• _Available data_
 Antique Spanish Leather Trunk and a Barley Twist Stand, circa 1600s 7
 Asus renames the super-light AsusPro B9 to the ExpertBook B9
---
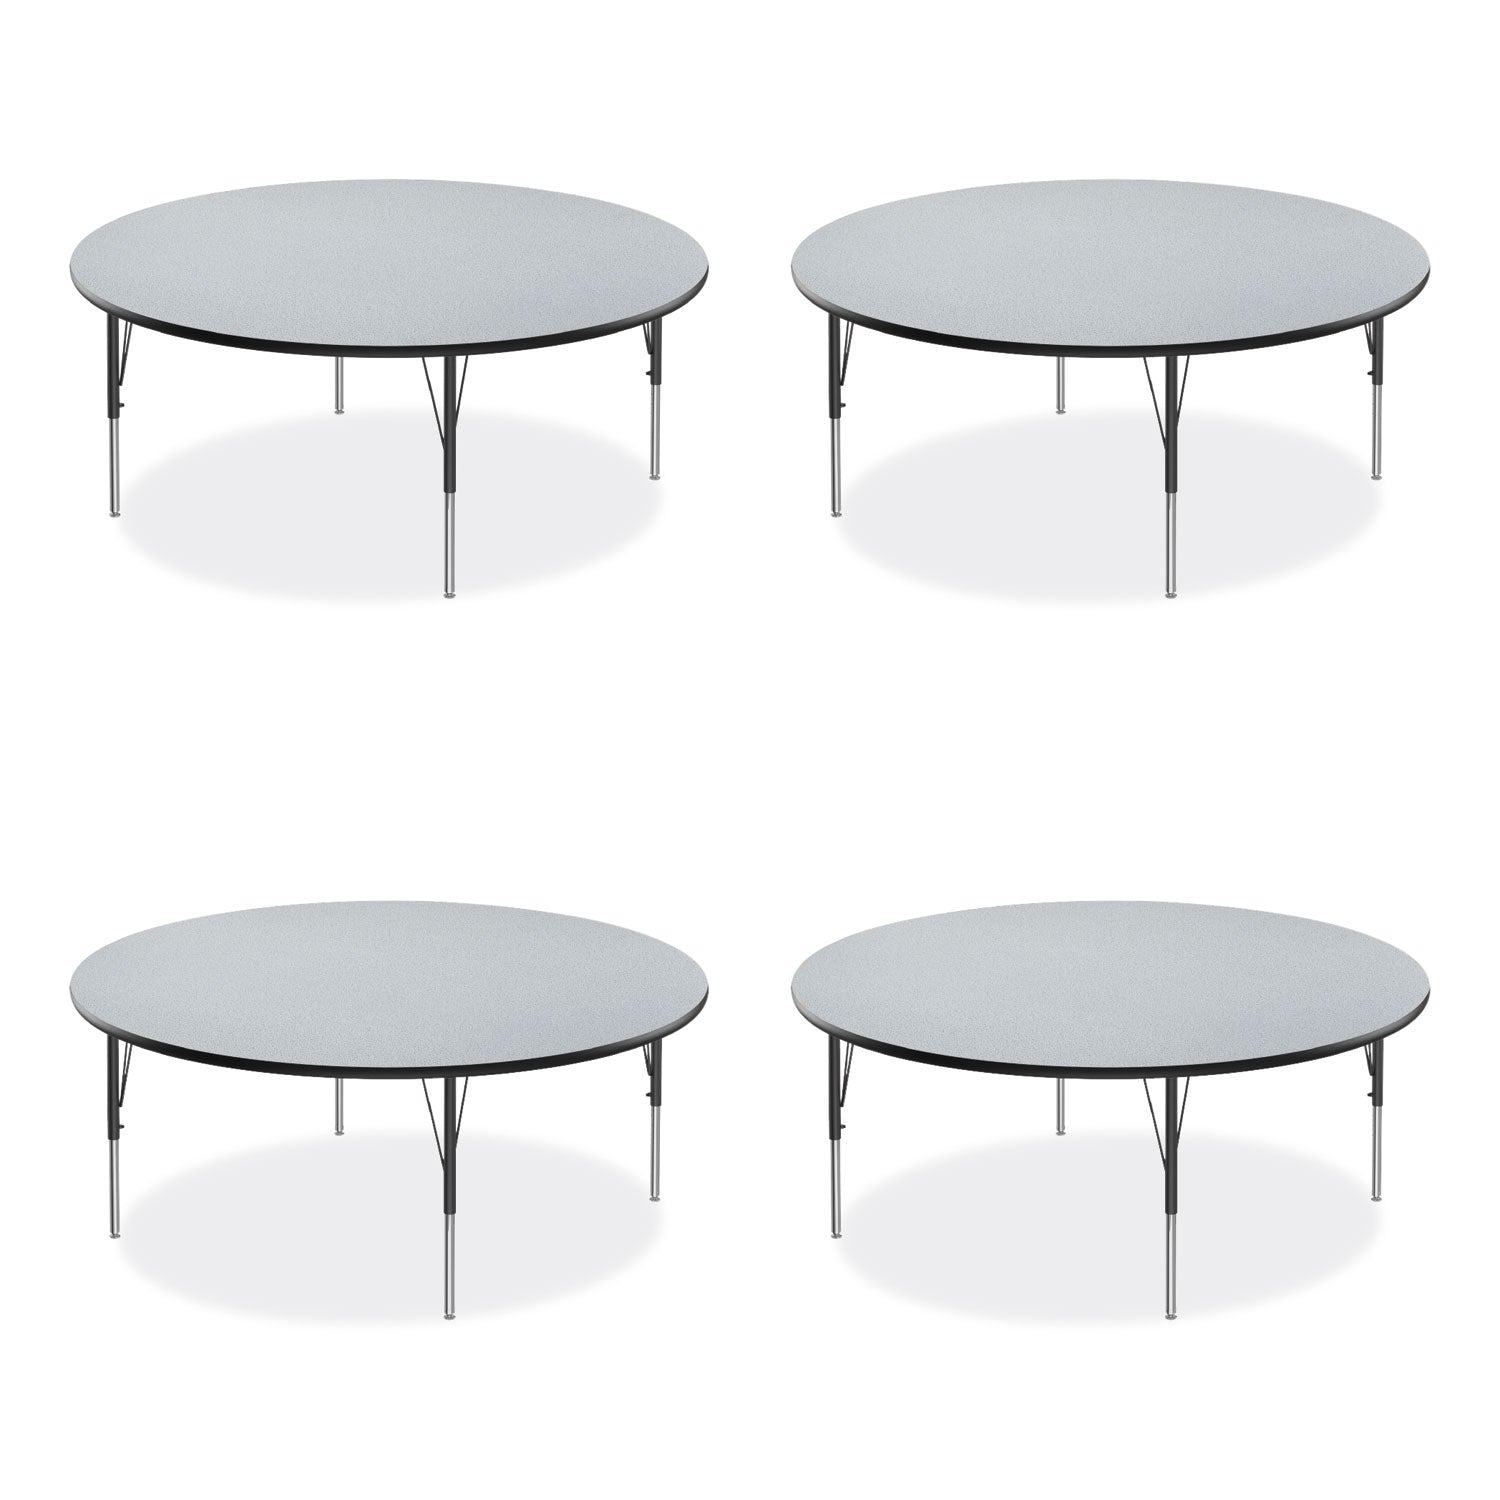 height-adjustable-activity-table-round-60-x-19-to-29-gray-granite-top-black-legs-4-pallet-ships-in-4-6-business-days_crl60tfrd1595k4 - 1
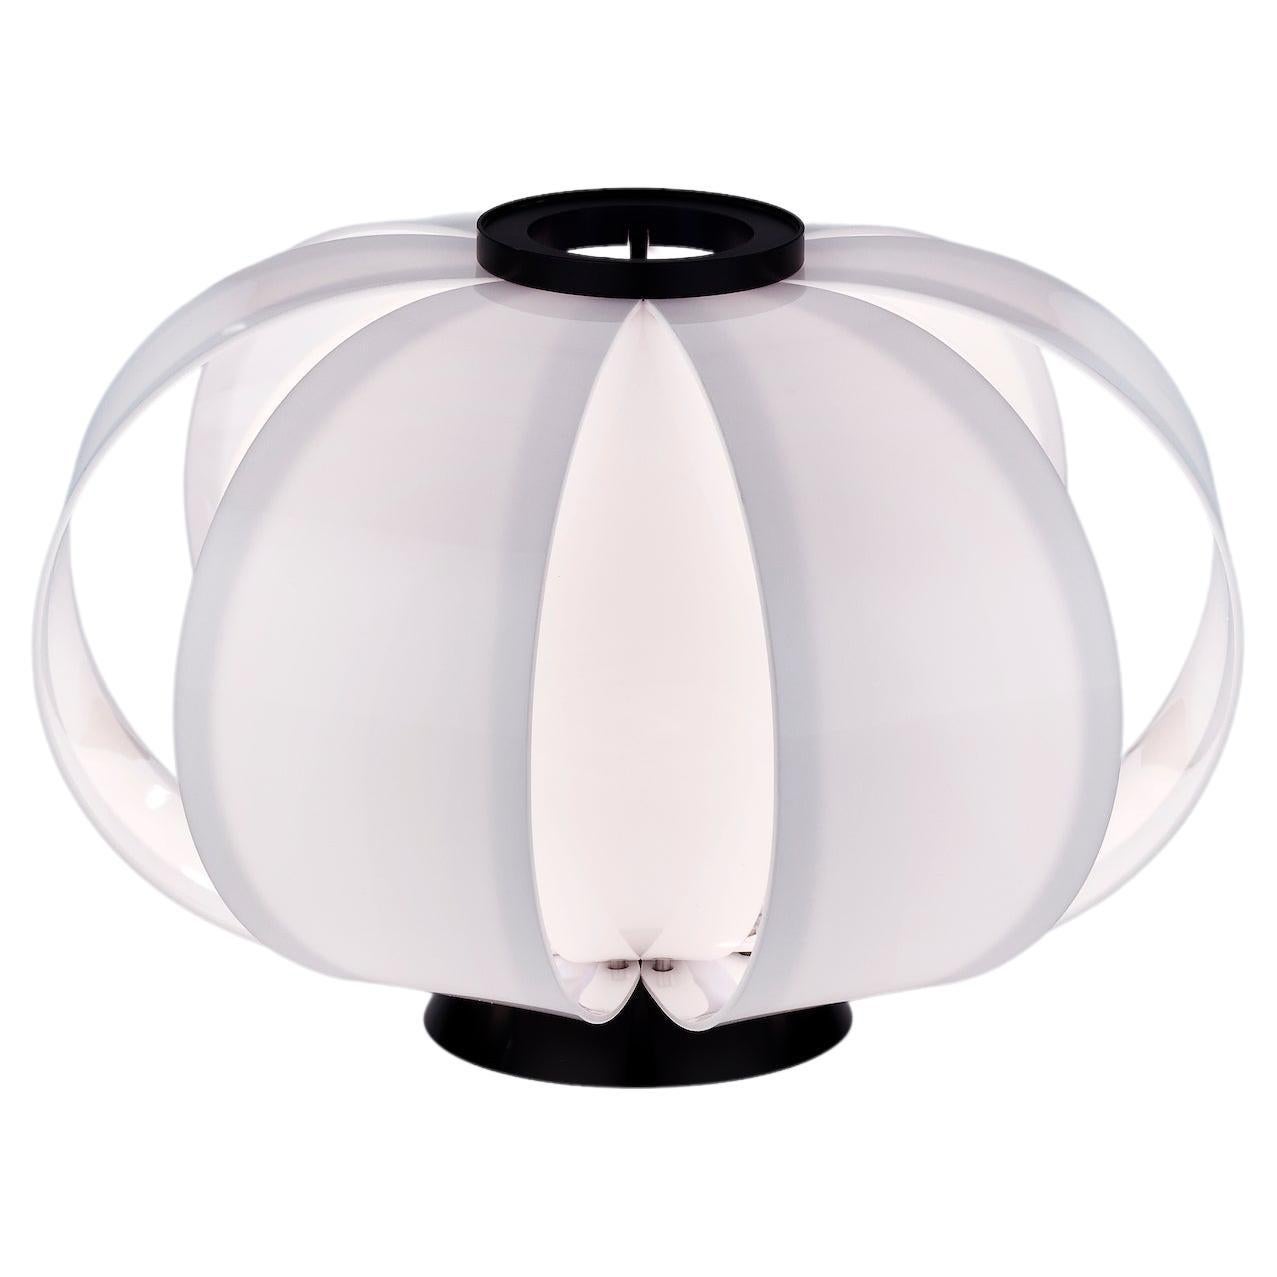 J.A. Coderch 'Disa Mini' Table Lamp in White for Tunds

• _Work required_
Return word for word the lines above from the line with "Antique Spanish Leather" to the line with "Asus renames the", including both and leaving out all others.

• _Result of the task_
 Antique Spanish Leather Trunk and a Barley Twist Stand, circa 1600s 7
 Asus renames the super-light AsusPro B9 to the ExpertBook B9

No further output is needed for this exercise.